Pricing is the conversation most founders avoid the longest. It's uncomfortable in a specific way — it forces you to put a number on something you've been building emotionally, and then defend that number against a market that doesn't care how much work went into it.

So most food businesses do something understandable but dangerous: they look at what competitors charge, add or subtract a little, and call it a pricing strategy. It isn't. It's a guess with a reference point.

Real pricing starts from the inside out. From the unit economics of every dish, SKU, or experience. From the margin you need — not want, need — to cover your costs and still operate sustainably. From an honest understanding of what your customer is actually buying and what that's worth to them, independently of what you spent to produce it.

Price is not a number you choose. It's a signal. It tells people who you're for, what to expect, and whether they're in the right place.

This applies whether you're pricing a tasting menu, a jar of hot sauce, or a hotel F&B experience. The mechanics differ. The logic doesn't.
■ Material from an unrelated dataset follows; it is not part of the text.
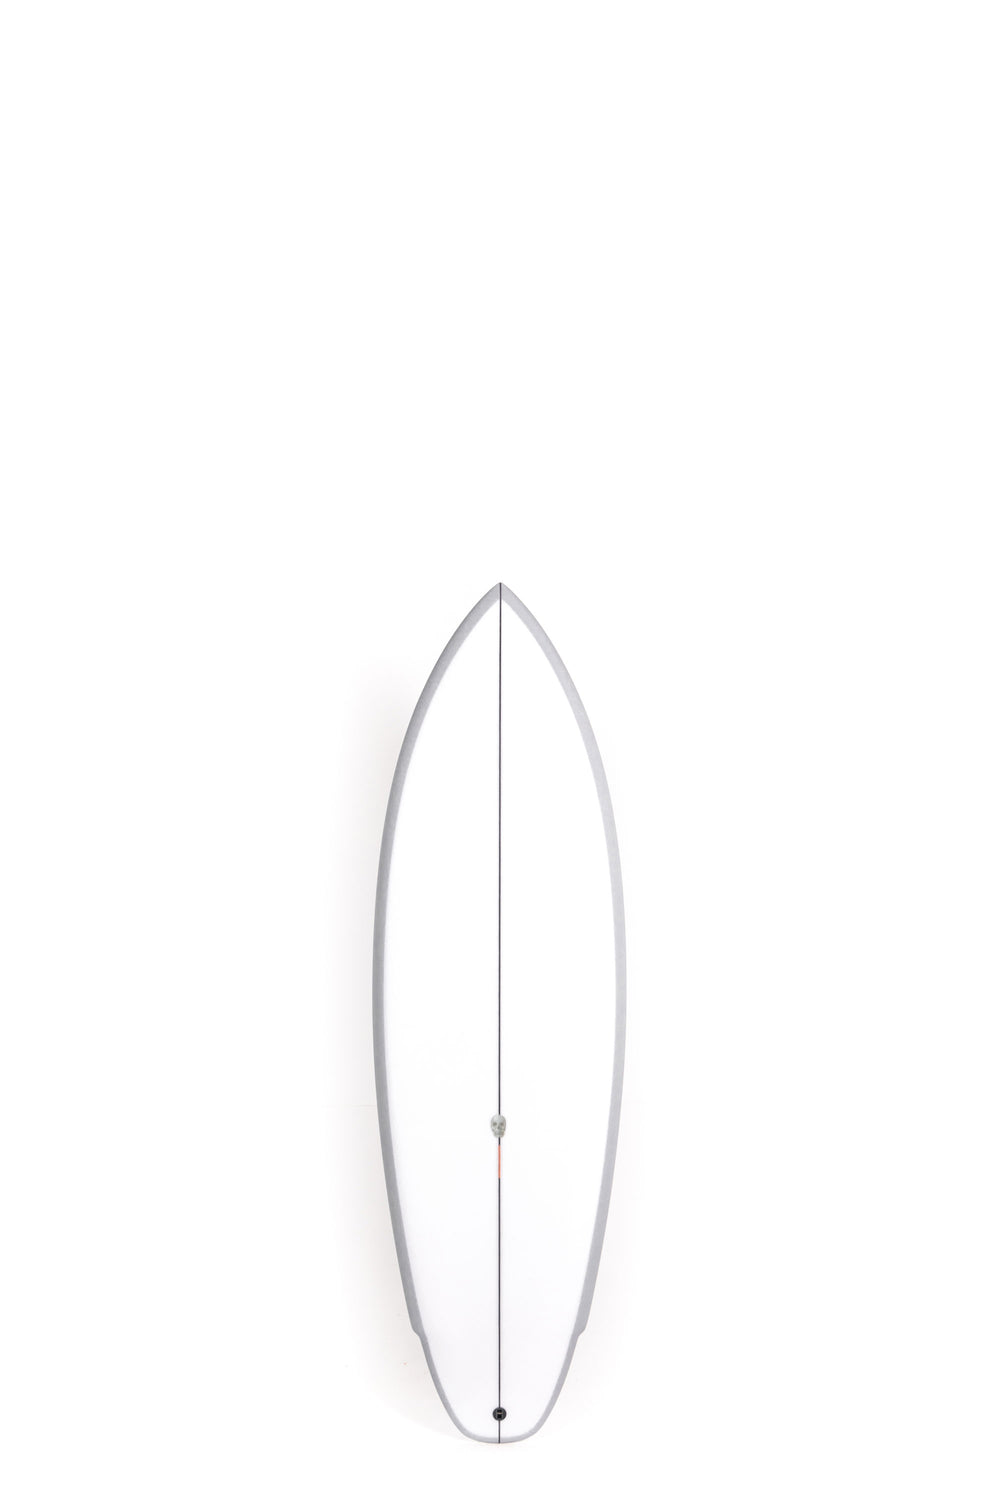 Pukas Surf Shop - Christenson Surfboards - LANE SPLITTER - 5'5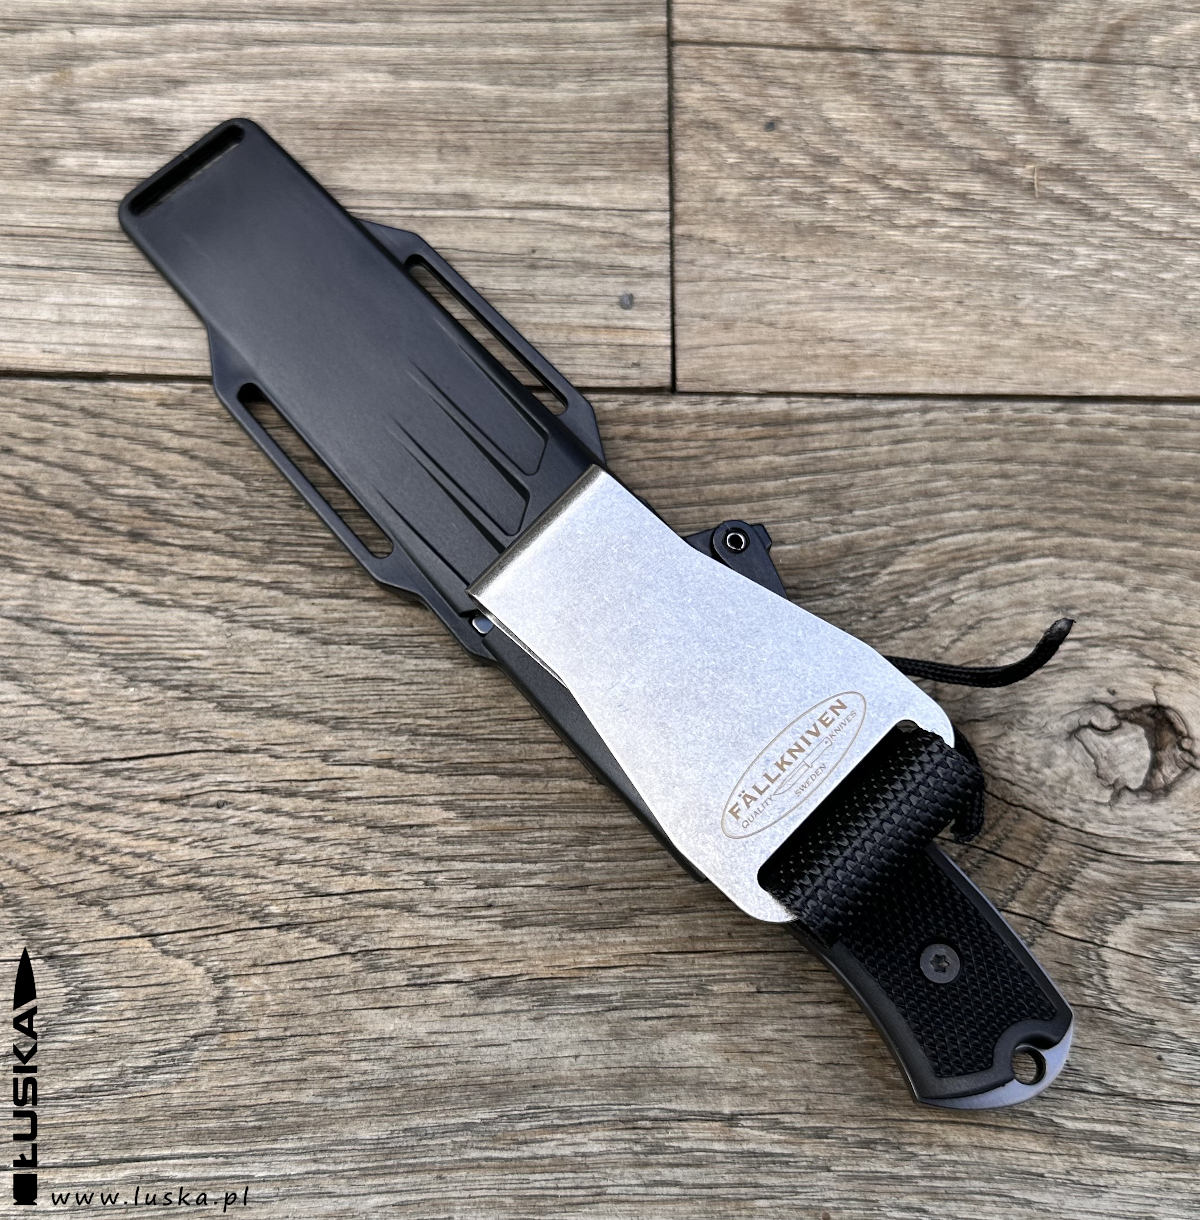 Nóż Fallkniven F1xb Tungsten Carbide (czarne ostrze), etui: zytel clips

There are two pricing mistakes I see constantly. The first is pricing too low to build volume — and then discovering the volume needed to make it viable is impossible to achieve. The second is pricing emotionally — charging what feels right rather than what the model requires.

Both are fixable. But they're far cheaper to fix before you've committed to a menu, a packaging run, or a lease.

The businesses that get pricing right early aren't the ones with the most sophisticated models. They're the ones willing to look at the uncomfortable number — the one where the business only makes sense — and build from there.

SIDE PLATE

At a churrascaria in Rio, I spent less time thinking about the food and more time watching the team. Nobody ran. Nobody disappeared. Nobody interrupted a conversation at the wrong moment. The meat arrived when it should. The table was cleared when it should be. It looked effortless.

It wasn't effortless. It was choreographed — probably through weeks of training, standard procedures, and a very clear understanding of what the experience was supposed to feel like from the guest's perspective.

Then, in the bathroom: a dispenser of dental floss, small cups, mouthwash. At a meat restaurant known for long, abundant meals and even longer conversations. A tiny detail. But the right detail — the one that says every part of this experience was thought about, including the part after the last course.

The experience doesn't end when the plates are cleared. It ends when people leave. That's the standard worth designing to.

WHAT'S COOKING

Pricing is one of the first things I work through with every new project - not because it’s the most exciting part, but because it sets the logic for almost everything else. Get it right and the rest of the model makes sense. Get it wrong, and you’re building on sand.